Mantan Presiden FIFA, Sepp Blatter, kembali memicu kontroversi. Kali ini, ia menyarankan agar para penggemar sepak bola memboikot Piala Dunia 2026 yang akan digelar di Amerika Serikat, menyusul meningkatnya kekhawatiran terkait keamanan dan hak sipil.

Blatter secara terbuka mendukung pernyataan Mark Pieth, seorang pengacara anti-korupsi asal Swiss, yang berpendapat bahwa suporter harus berpikir dua kali sebelum melakukan perjalanan ke AS untuk turnamen yang akan diselenggarakan bersama AS, Kanada, dan Meksiko pada 11 Juni hingga 19 Juli 2026 itu.

Dukungan Blatter untuk Pieth

Melalui media sosial, Blatter menegaskan dukungannya terhadap Pieth. Ia menulis, “Saya pikir Mark Pieth benar untuk mempertanyakan Piala Dunia ini,” menggemakan pandangan Pieth bahwa peristiwa terkini “hampir tidak mendorong penggemar untuk pergi ke sana.”

Pieth menunjuk pada insiden yang melibatkan penegakan imigrasi AS sebagai bagian dari alasannya. Ini termasuk penembakan fatal terhadap pengunjuk rasa di Minneapolis pada Januari ini. Dalam kasus terpisah, agen imigrasi federal menewaskan Renée Nicole Good, warga negara AS berusia 37 tahun, dan kemudian Alex Pretti, seorang perawat ICU berusia 37 tahun, dalam operasi penegakan imigrasi. Insiden-insiden ini telah memicu protes dan kritik luas.

Insiden Minneapolis Jadi Sorotan

Kematian Good secara resmi dinyatakan sebagai kasus pembunuhan oleh Pemeriksa Medis Hennepin County setelah ditemukan beberapa luka tembak yang diakibatkan oleh seorang agen ICE (Immigration and Customs Enforcement). Peristiwa ini memicu kemarahan publik, pengawasan hukum, dan tuntutan akuntabilitas.

Penembakan di Minneapolis telah memperkuat perdebatan mengenai peran dan perilaku agen imigrasi AS di tengah penegakan hukum yang lebih luas. Protes lokal telah bermunculan di berbagai kota, menuntut reformasi.

Baca juga:  Tim YouTube pilih FIFA untuk siaran Piala Dunia 2026!

Perdebatan dan Dampak di Kalangan Suporter

Komentar Blatter menghidupkan kembali percakapan yang lebih luas tentang keamanan penggemar, ketegangan politik, dan apakah insiden semacam itu memengaruhi keinginan suporter untuk menghadiri acara olahraga besar di AS. Dukungannya terhadap pesan peringatan Pieth terbilang sangat blak-blakan dari seorang mantan bos FIFA, terutama mengingat profil global dari susunan tuan rumah Piala Dunia yang diperluas tahun ini.

Para kritikus berpendapat bahwa seruan boikot atas isu domestik yang tidak terkait dapat mempolitisasi olahraga secara tidak adil. Sementara itu, para pendukung berpendapat bahwa keselamatan dan hak-hak penggemar harus menjadi yang utama saat merencanakan perjalanan ke acara internasional yang sangat populer.

Menjelang turnamen, pernyataan Blatter menambah lapisan baru dalam perdebatan publik – antara perayaan olahraga dan pengawasan terhadap iklim yang mungkin dihadapi para penggemar.
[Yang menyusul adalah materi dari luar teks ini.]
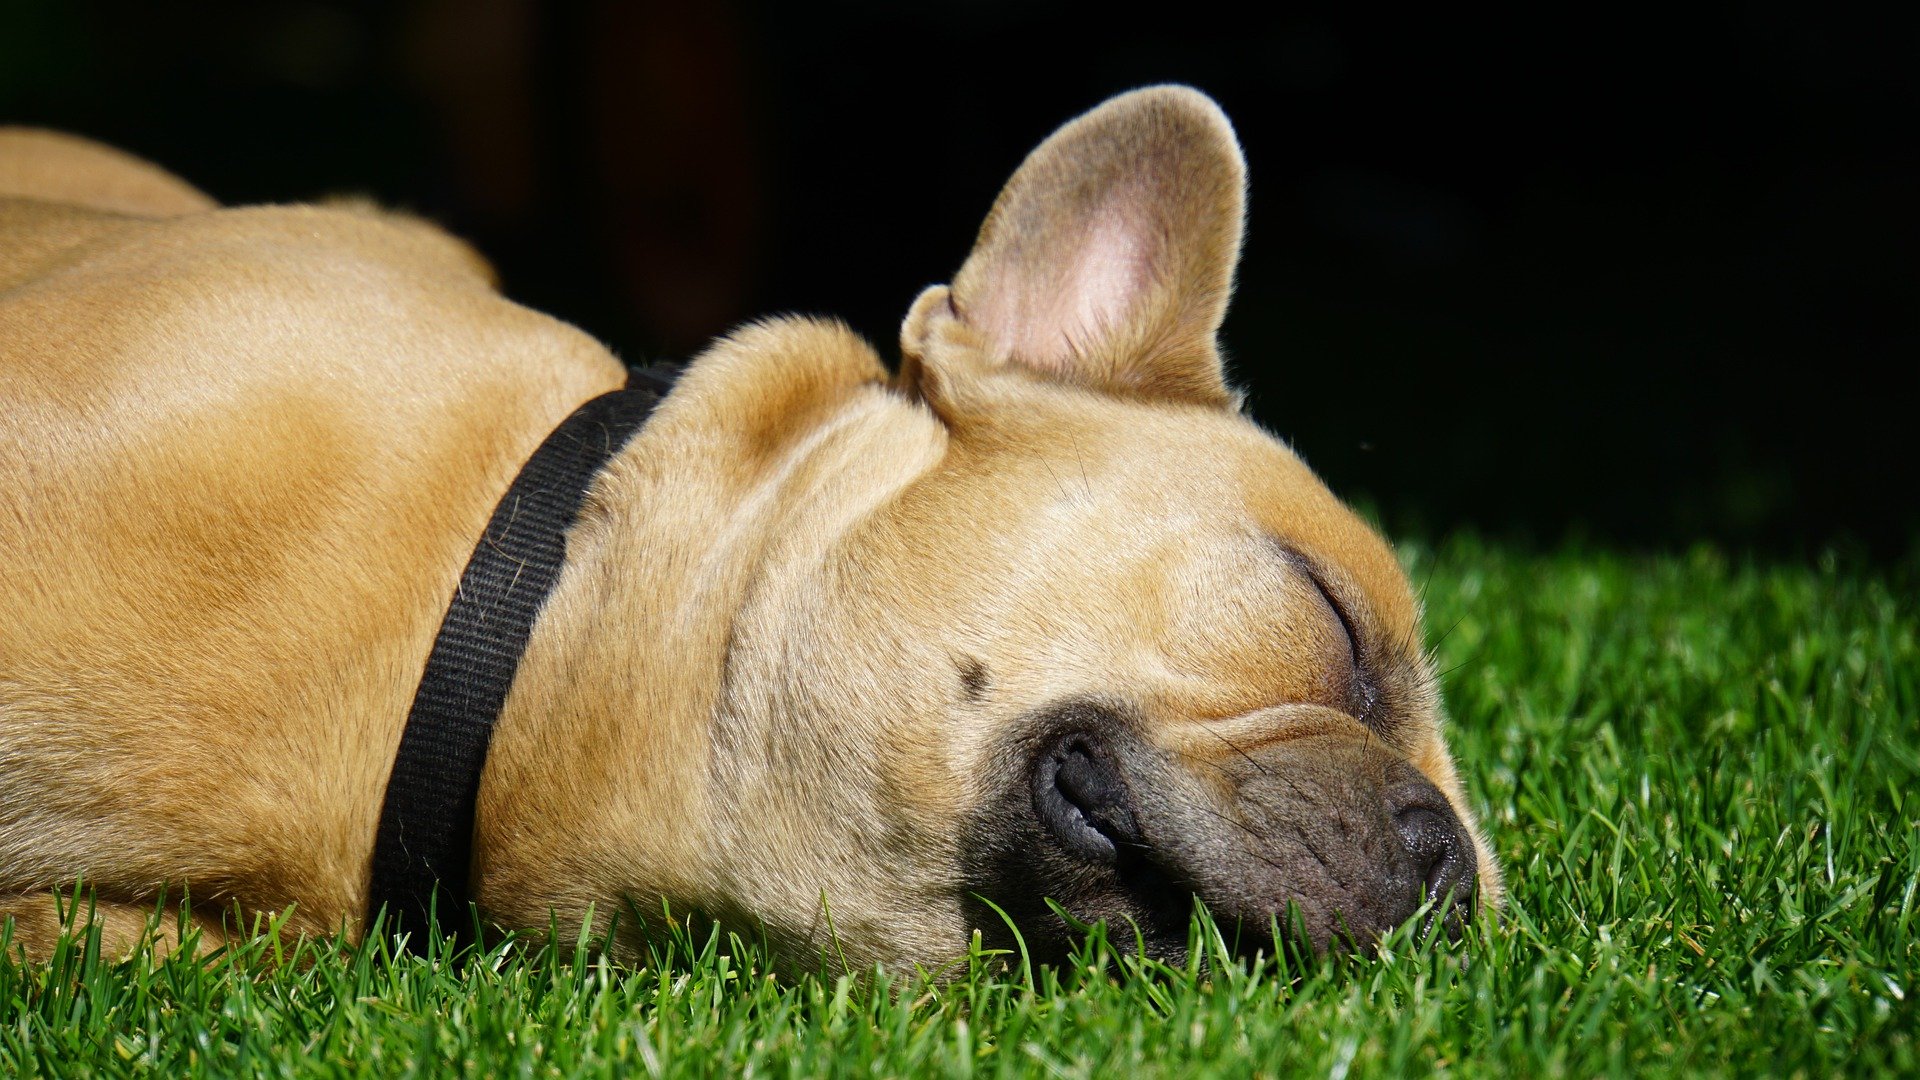 16 Fun Facts About French Bulldogs

Kontroversi ini berpotensi memengaruhi persepsi global terhadap turnamen dan AS sebagai tuan rumah.

(WC/GN)
sumber : www.news18.com

Share

Leave a comment

Leave a Reply

Your email address will not be published. Required fields are marked *

Related Articles

Ngobrol FIFA World Cup 2026 Bareng Dell’Apa, Davies, dan Feldman!
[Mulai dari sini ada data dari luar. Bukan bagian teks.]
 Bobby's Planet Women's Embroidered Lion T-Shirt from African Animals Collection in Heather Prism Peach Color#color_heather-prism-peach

Bergabunglah dalam bincang seru tentang FIFA World Cup 2026 bersama Dell'Apa, Davies,...

Taktik eksperimen Hugo Broos gagal; Bafana harus kembali ke jalurnya!
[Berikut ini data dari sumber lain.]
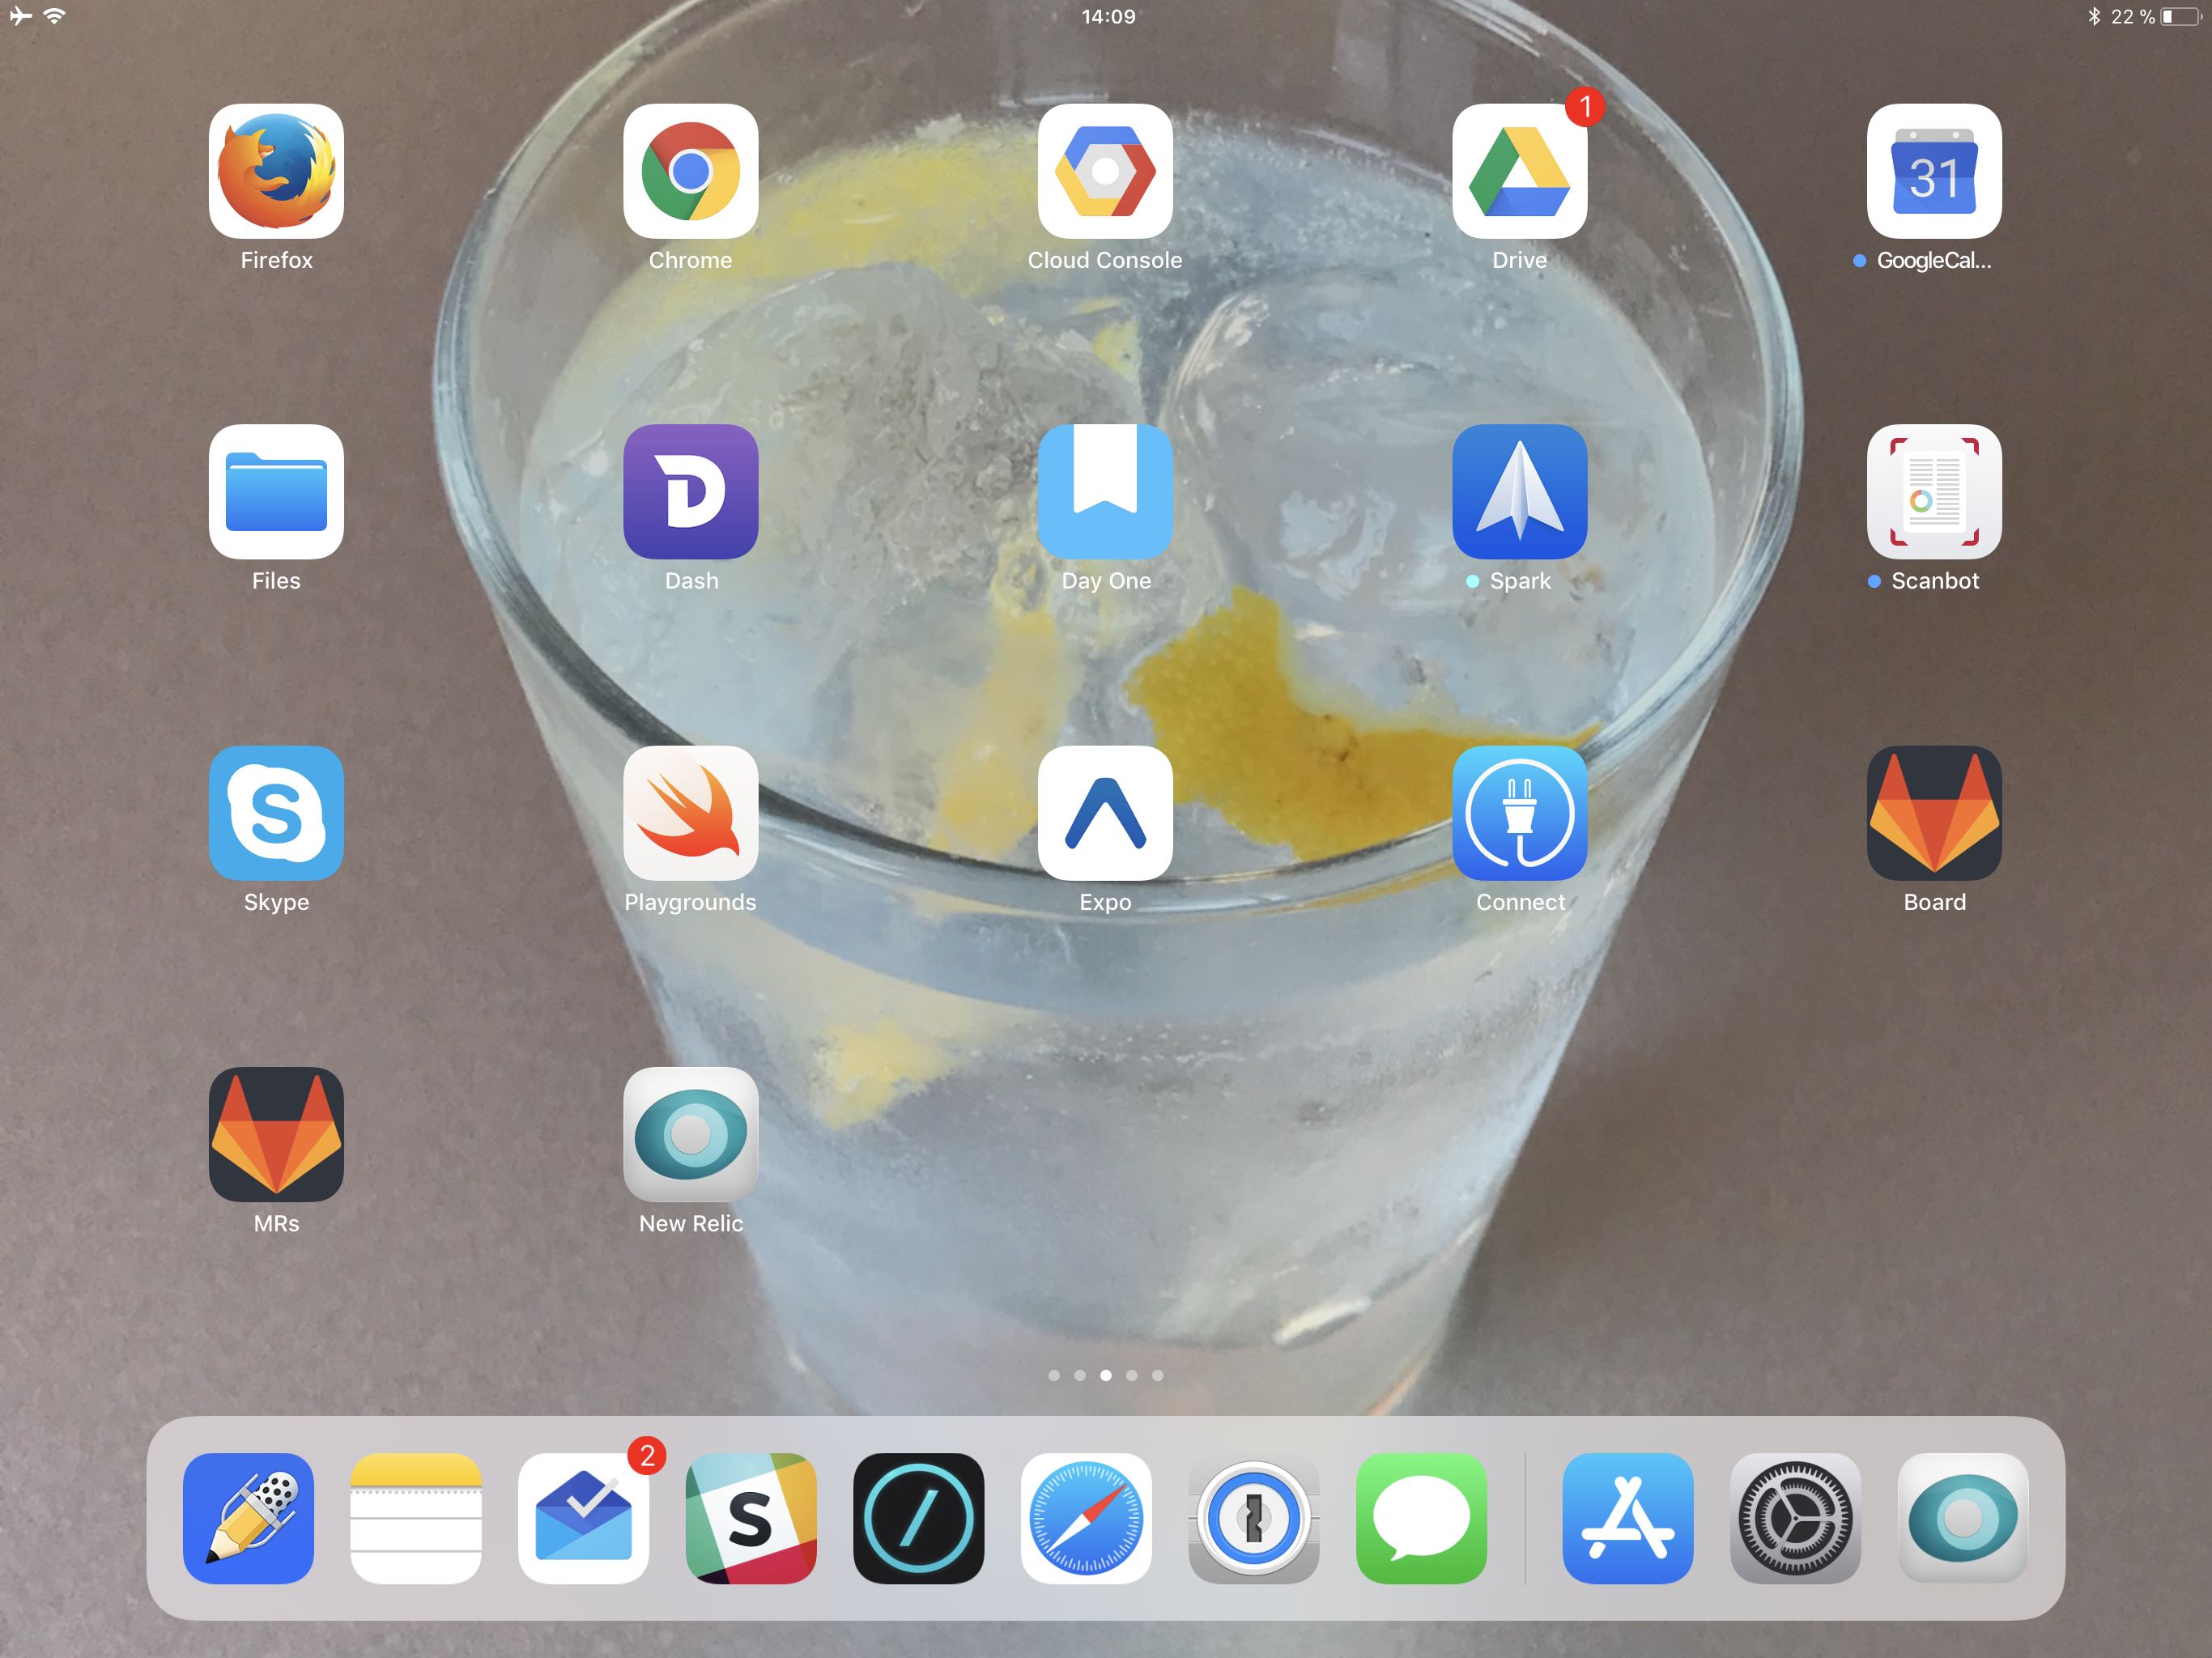 iPad Pro home screen with work apps

Taktik eksperimen Hugo Broos gagal total, membuat Bafana Bafana harus segera kembali...

Jadwal dan Hasil Pertandingan Grup Tim Eropa di Piala Dunia 2026

Simak jadwal dan hasil pertandingan grup tim Eropa di Piala Dunia 2026...

Daya Tarik Hari Kedua Piala Dunia FIFA 2026!

Hari kedua Piala Dunia FIFA 2026 dipenuhi dengan semangat, laga seru, dan...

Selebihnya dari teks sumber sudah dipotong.